In 2010, Brendon was tased and arrested by Los Angeles police, who confronted him in response to a call about an intoxicated individual. He allegedly swung his fists at the officers and attempted to run away, and was arrested for felony vandalism. Brendon was later charged with four misdemeanors, including one count of resisting arrest, two counts of battery against a police officer, and one count of vandalism. In May 2010, he again checked himself into rehab to address his addiction to alcohol and sleeping pills. Brendon pleaded no contest to all four charges in June 2010 and received a one-year suspended jail sentence, was placed on probation for 36 months, and was required to perform 10 days of community service.

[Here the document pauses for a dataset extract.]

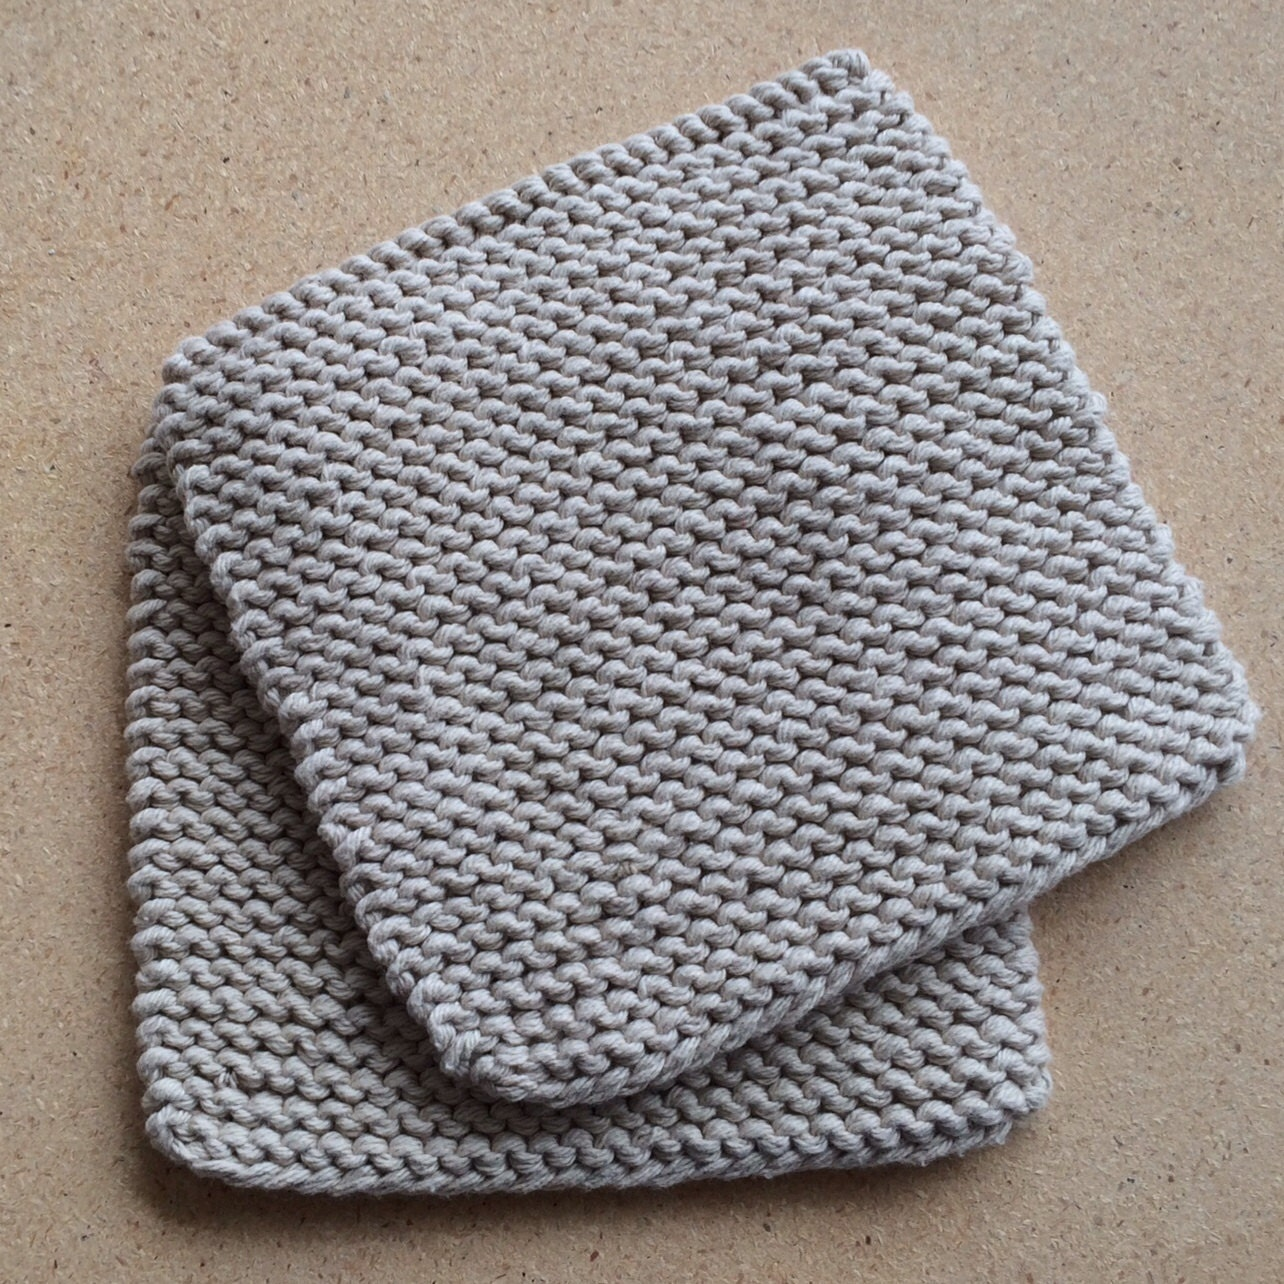 Hand Knit Cotton Pot Holders Set of 2 Gray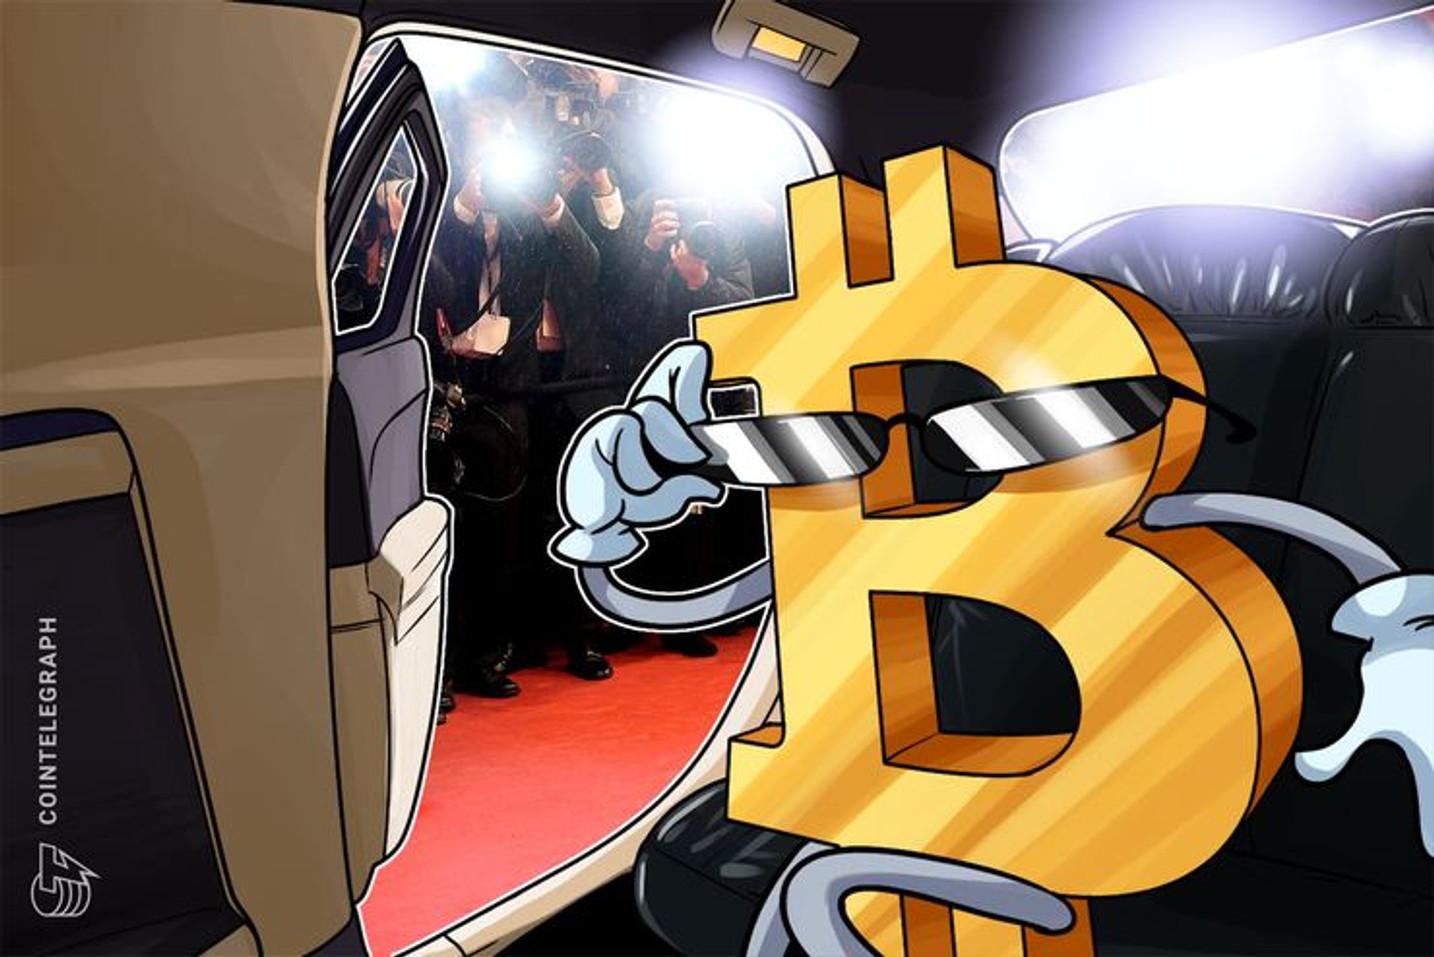 Número de usuários de Bitcoin nos EUA ultrapassa suprimento total da criptomoeda no mundo

While participating in the Tree City Comic Con, Brendon was arrested on October 17, 2014 in a Boise, Idaho hotel lobby for misdemeanor charges of malicious injury to property and resisting or obstructing officers. Brendon subsequently made a public apology and stated that the incident was "embarrassing" and the result of drinking alcohol while taking pain medication for a knee problem.

Brendon married Moonda Tee in Las Vegas in 2014, one week after proposing. Brendon announced their separation via social media five months later in February, 2015. Tee claimed in a video posted to social media that this was because Brendon had cheated on her.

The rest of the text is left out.